Inspect and optionally rebalance by:
- query type
- company
- document type
- filing year
- section
- query length
- document length
Goal: prevent the model from becoming strong only on the most frequent companies/forms/query patterns.
Frozen eval split

Before training v2, freeze a dev/test set that is not massaged by the training-data pipeline.

Preferred split strategies:
- hold out companies entirely
- hold out later filing dates
- hold out specific query types
- maintain a fixed human-reviewed eval set

Phase 4: stronger sparse training

Run controlled v2 sweeps after dataset improvements.

Keep the current v1 model as the baseline.

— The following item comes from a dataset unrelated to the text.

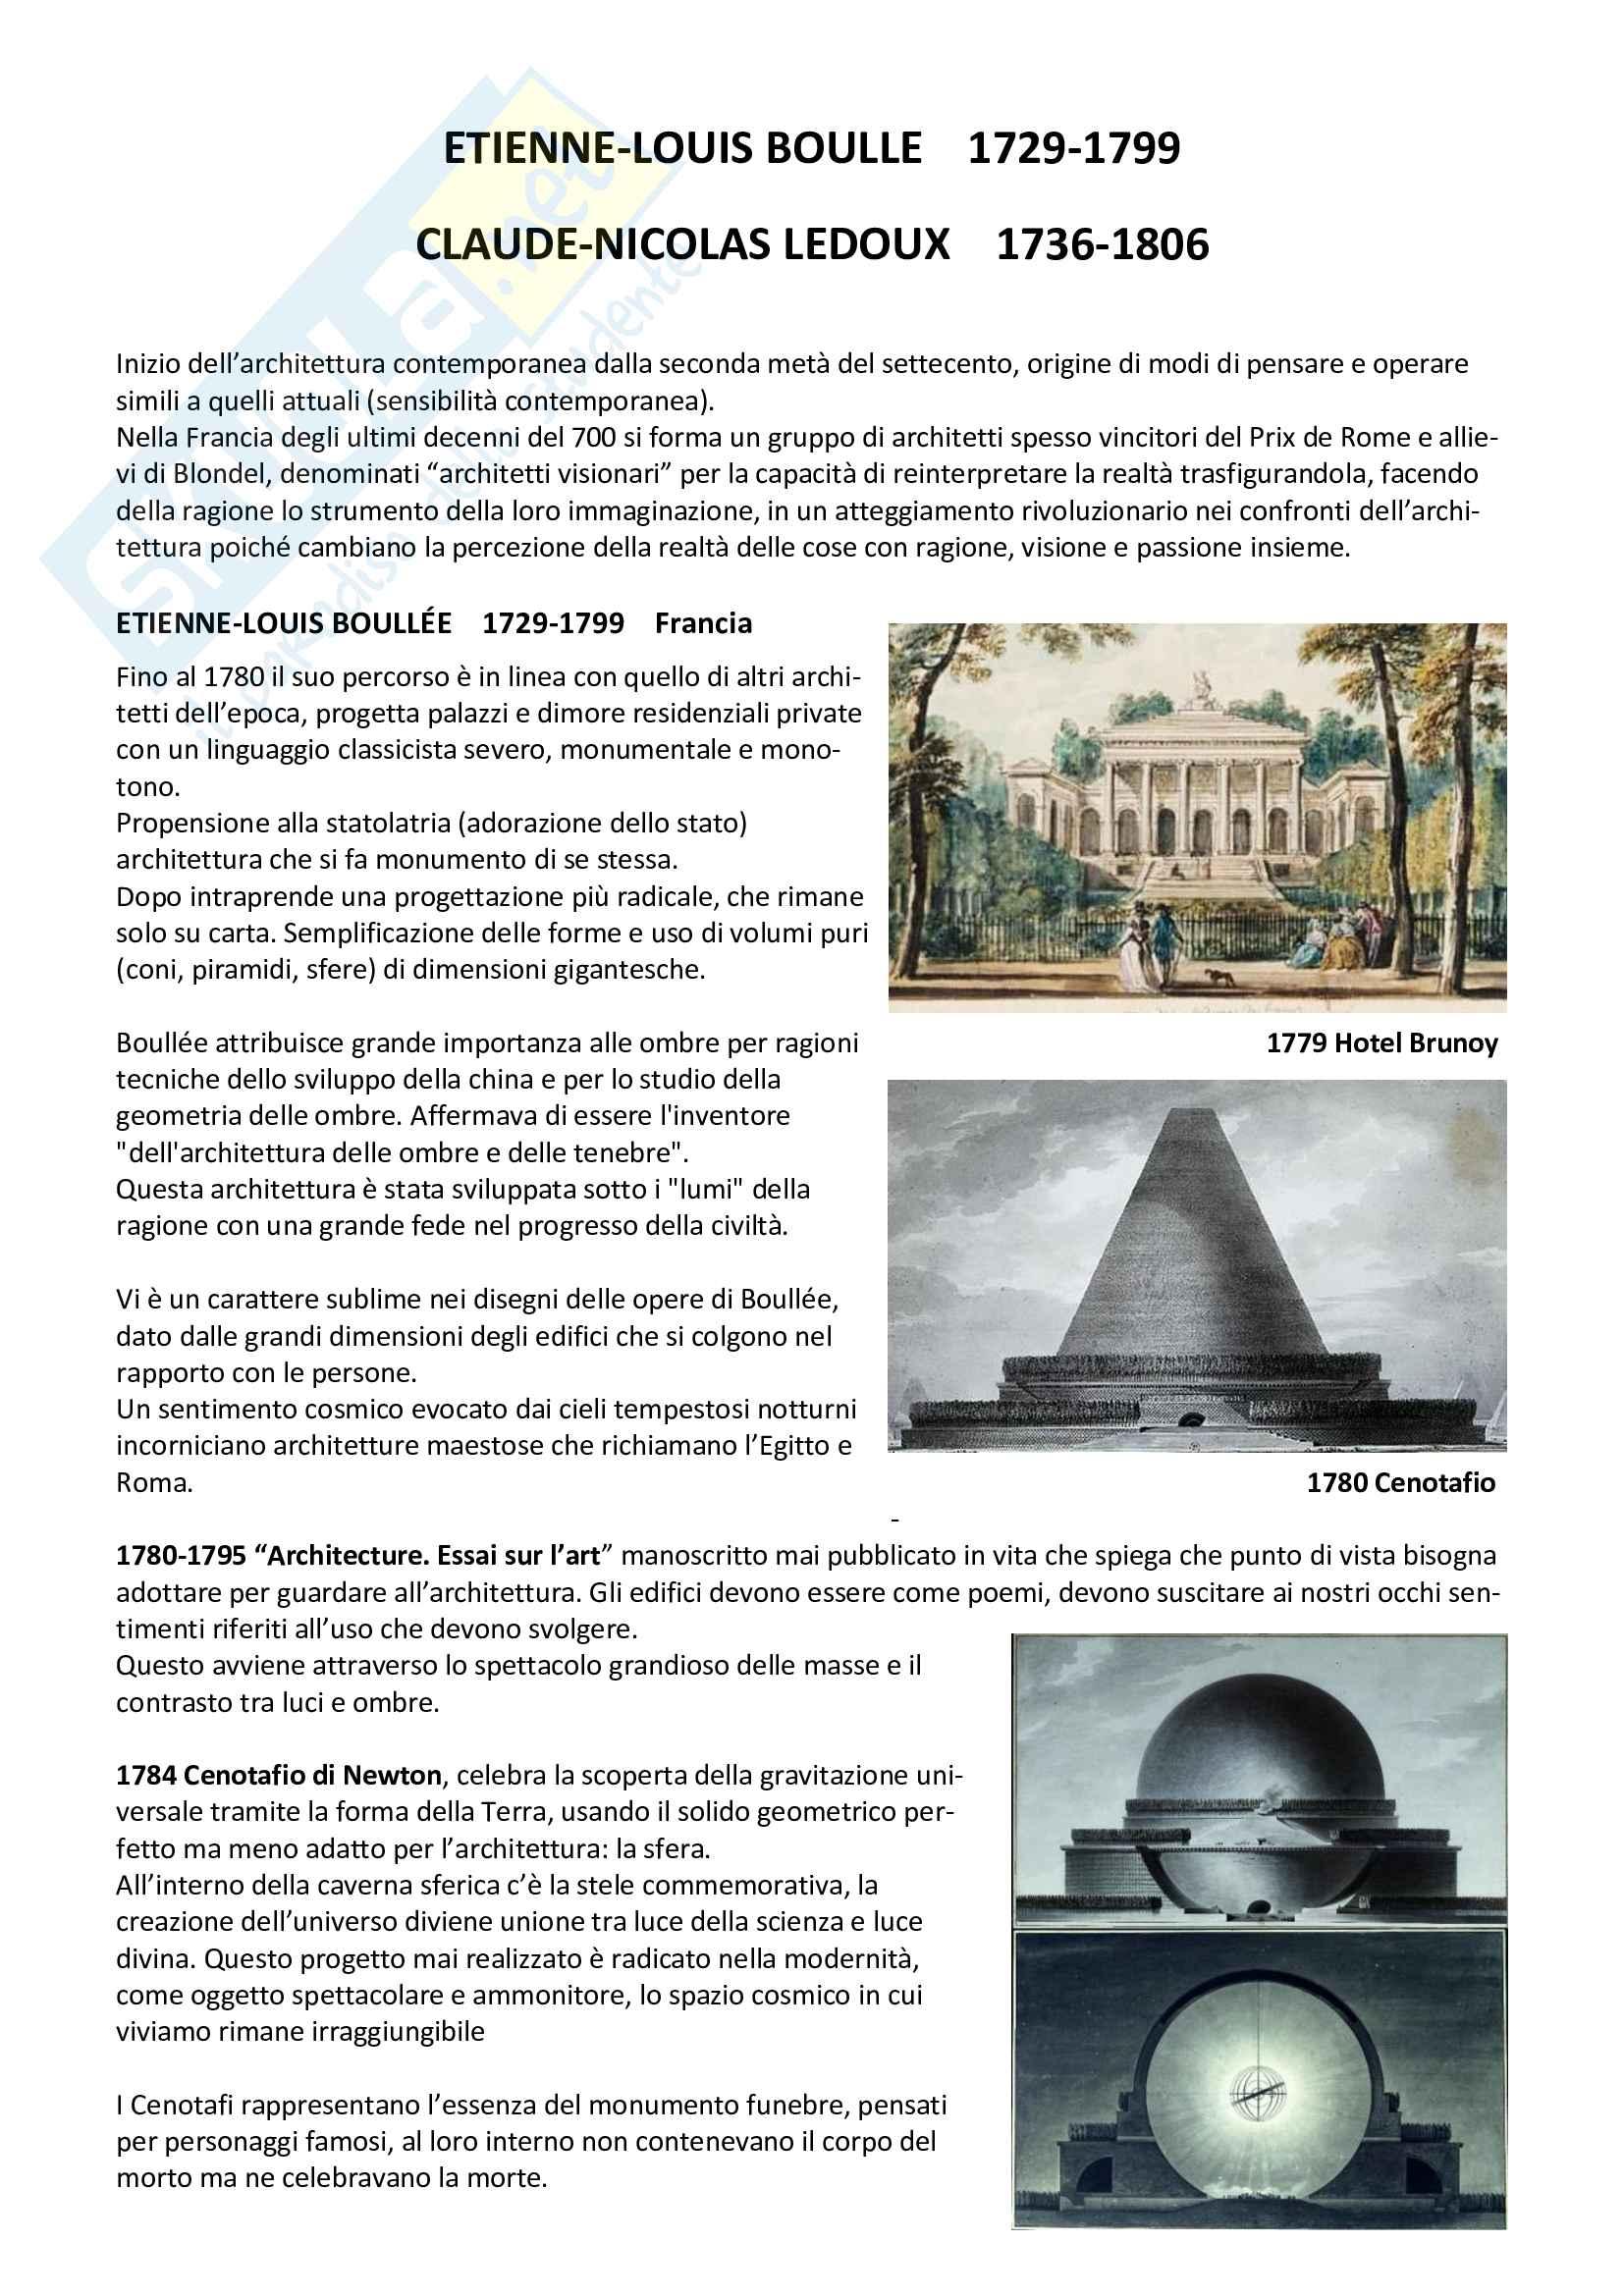 Storia dell architettura contemporanea - riassunti

Candidate sweep dimensions:

variable	candidates
training rows	v1 raw, v2 metadata, v2 mined negatives
steps	1500, 3000
document regularization	`5e-3`, `1e-2`, `2e-2`
query regularization	start with `1e-4`; adjust only if query vectors become too dense
document top-k	64, 128, 256
negatives per query	1, 2, 4+

Primary selection metric should not be triplet accuracy alone.

Use:

retrieval proxy nDCG@10
retrieval proxy MRR@10
Recall@1
Recall@10
OpenSearch hybrid benchmark, once available
document active dimensions / index footprint

Phase 5: reranker and distillation

A CrossEncoder reranker can improve both training data and production retrieval.

Use cases:

Rerank top candidates after BM25 + sparse retrieval.
Judge whether mined negatives are truly negative.
Create better hard negatives for sparse training.
Act as a teacher for distillation back into the sparse encoder.

Candidate workflow:

Retrieve candidate pools using BM25, base sparse, and v1 sparse.
Score query-document pairs with a stronger reranker or LLM-based judge.
Keep high-confidence positives and high-confidence hard negatives.
Retrain the sparse model on cleaner supervision.
Compare v2 sparse against v1 sparse, BM25, and hybrid retrieval.

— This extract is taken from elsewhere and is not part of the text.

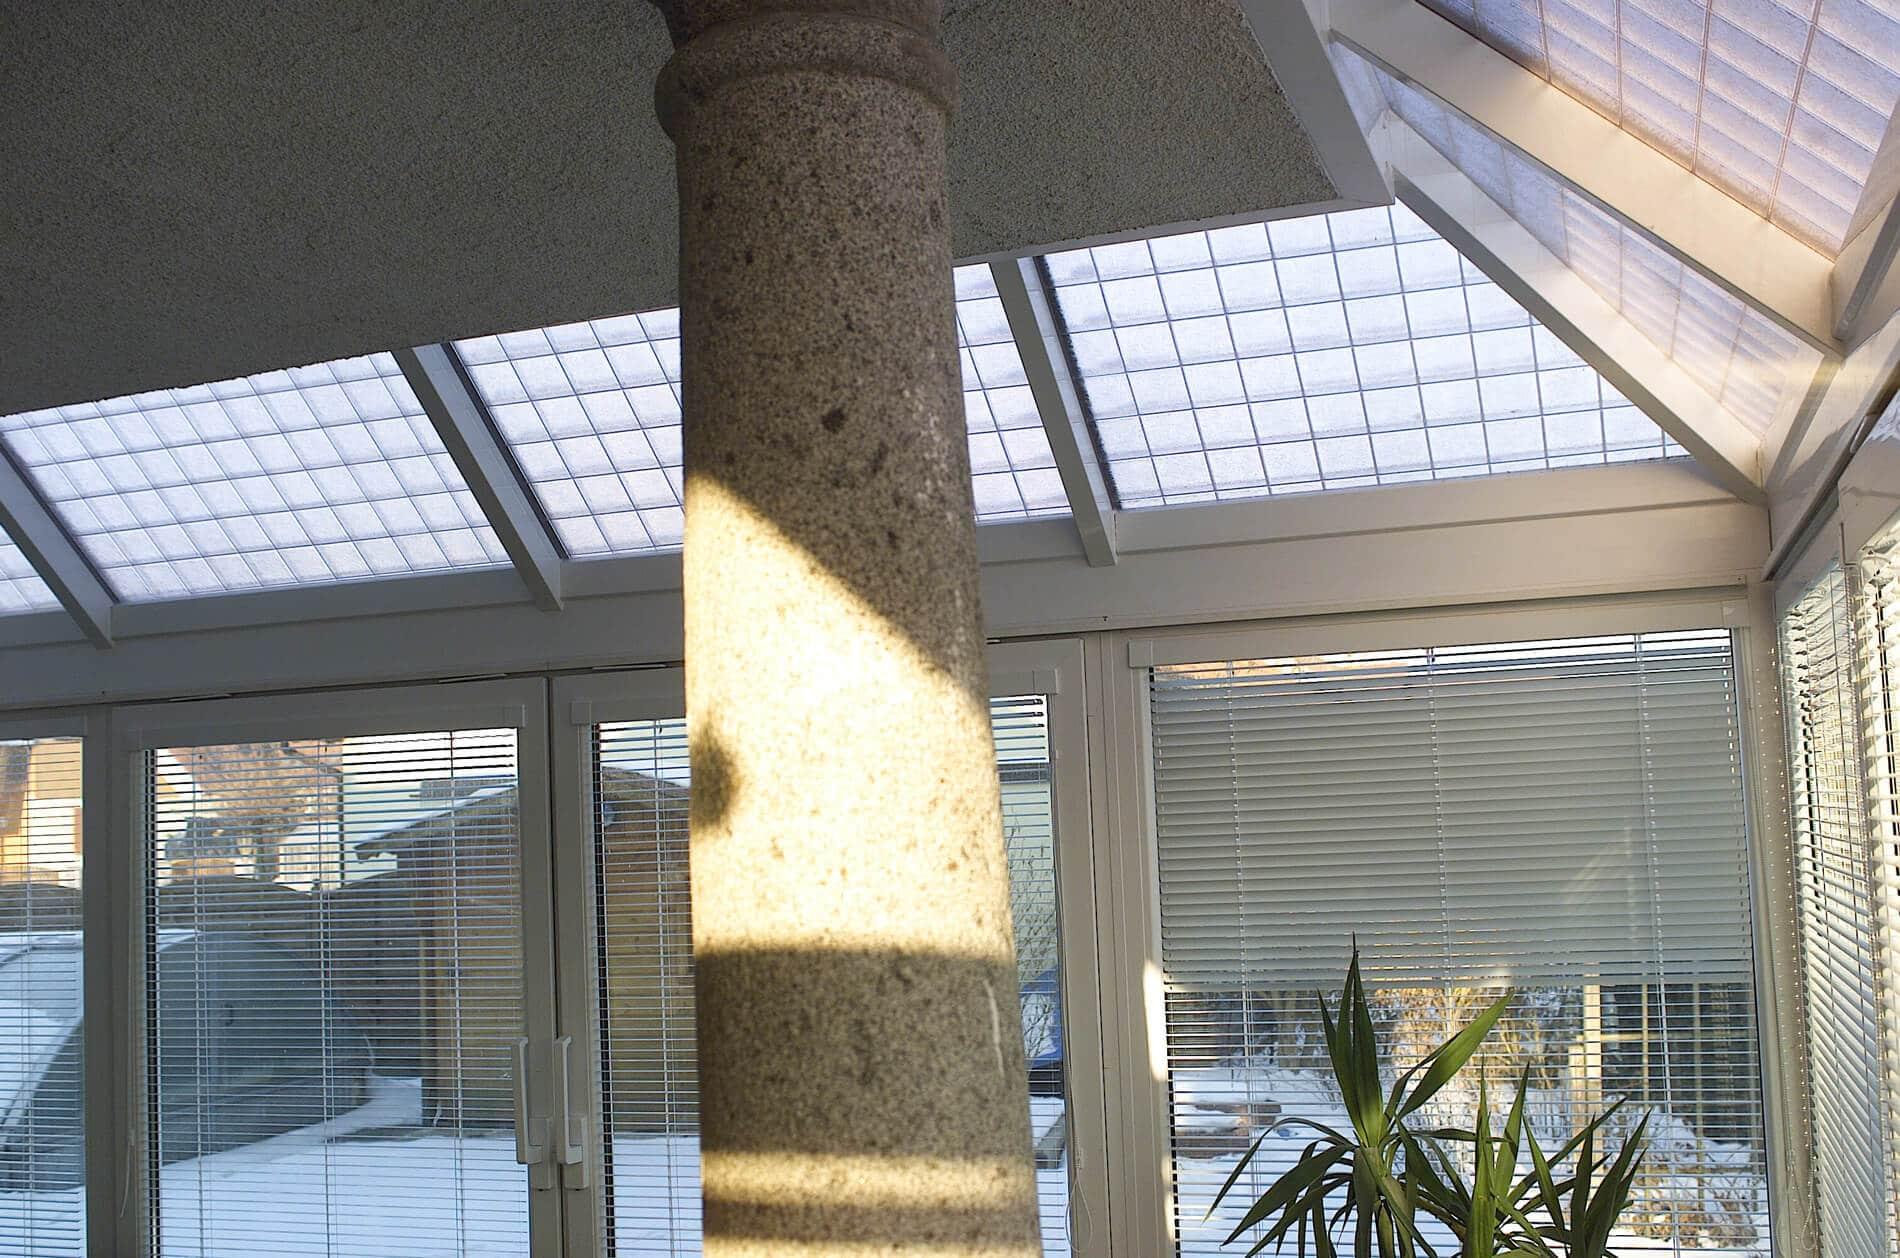 wintergarten mit rasterglas auf dach wintergarten schmidinger. Black Bedroom Furniture Sets. Home Design Ideas

Relevant Sentence Transformers / HF skill levers

The current v1 work used the SparseEncoder training path. The following skill capabilities are relevant for the next iterations:

capability	use here
SparseEncoder training	Continue v2 learned-sparse experiments.
Hard-negative mining	Build stronger training negatives from BM25/base/v1 retrieval.
Evaluator selection	Add more official retrieval evaluators where useful.
CrossEncoder training	Train or use a reranker for second-stage ranking and data cleaning.
Distillation	Distill a reranker/teacher into the sparse encoder.
HF Datasets tooling	Inspect slices, parquet metadata, and dataset revisions.
HF Jobs	Run larger sweeps off local hardware if needed.
Trackio	Track metrics across sweeps instead of relying on ad hoc logs.

Less relevant right now:

Matryoshka: mostly useful for dense embeddings, not the main SPLADE-style sparse path.
Multilingual training: not needed unless the filing/query workload becomes multilingual.
Vocabulary changes: not recommended as a first lever; metadata prefixes and data improvements are cheaper and safer.

Recommended immediate next command sequence

Run full-test retrieval proxy for v1.
Add slice analysis to the retrieval proxy script.
Run BM25 and base sparse on the same full-test proxy.
Build a small OpenSearch benchmark with top-128 vectors.
Only then start v2 data massaging and retraining.

The main principle: prove where v1 fails before changing both the data and the model at the same time.